Aim of the exercise -
Set down each record that follows exactly. Drop the images.

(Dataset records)
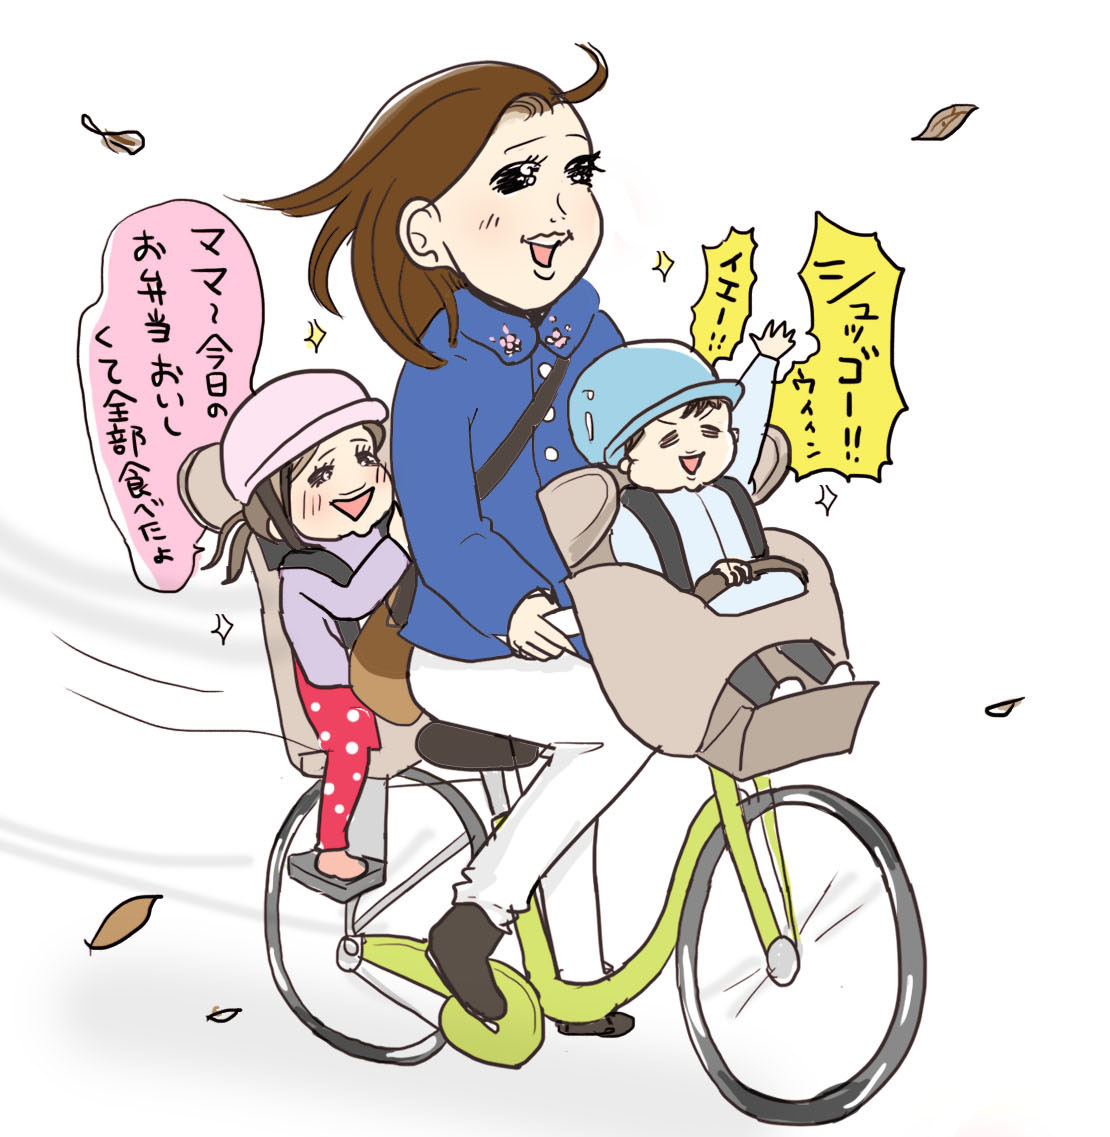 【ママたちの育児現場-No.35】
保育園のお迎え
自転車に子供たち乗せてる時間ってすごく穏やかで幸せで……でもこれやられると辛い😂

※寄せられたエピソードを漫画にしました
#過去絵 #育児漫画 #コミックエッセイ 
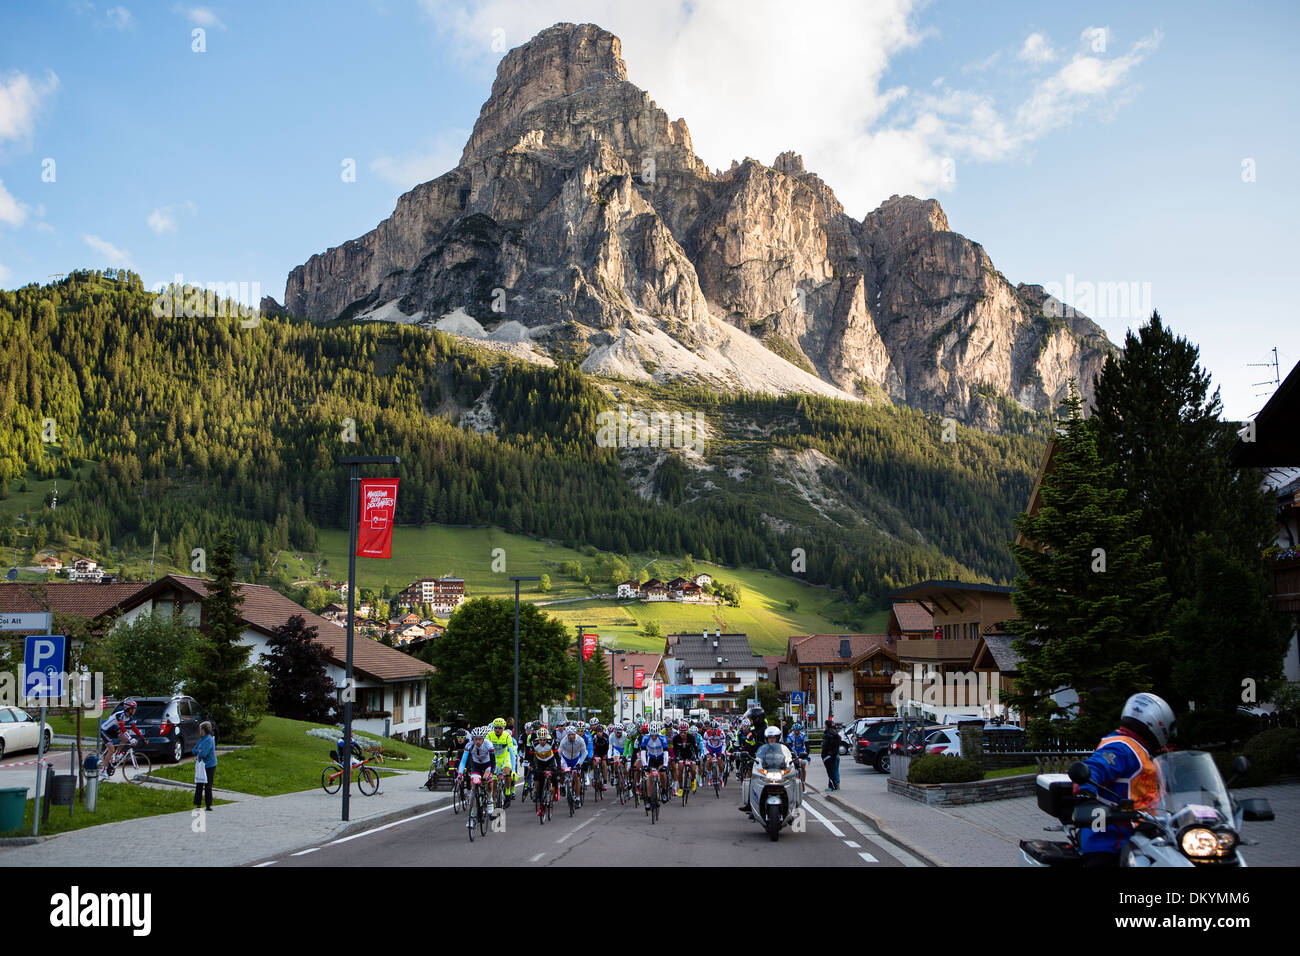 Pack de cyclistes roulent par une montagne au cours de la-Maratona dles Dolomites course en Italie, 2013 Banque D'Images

Exercise solution -
 【ママたちの育児現場-No.35】
保育園のお迎え
自転車に子供たち乗せてる時間ってすごく穏やかで幸せで……でもこれやられると辛い😂

※寄せられたエピソードを漫画にしました
#過去絵 #育児漫画 #コミックエッセイ 
 Pack de cyclistes roulent par une montagne au cours de la-Maratona dles Dolomites course en Italie, 2013 Banque D'Images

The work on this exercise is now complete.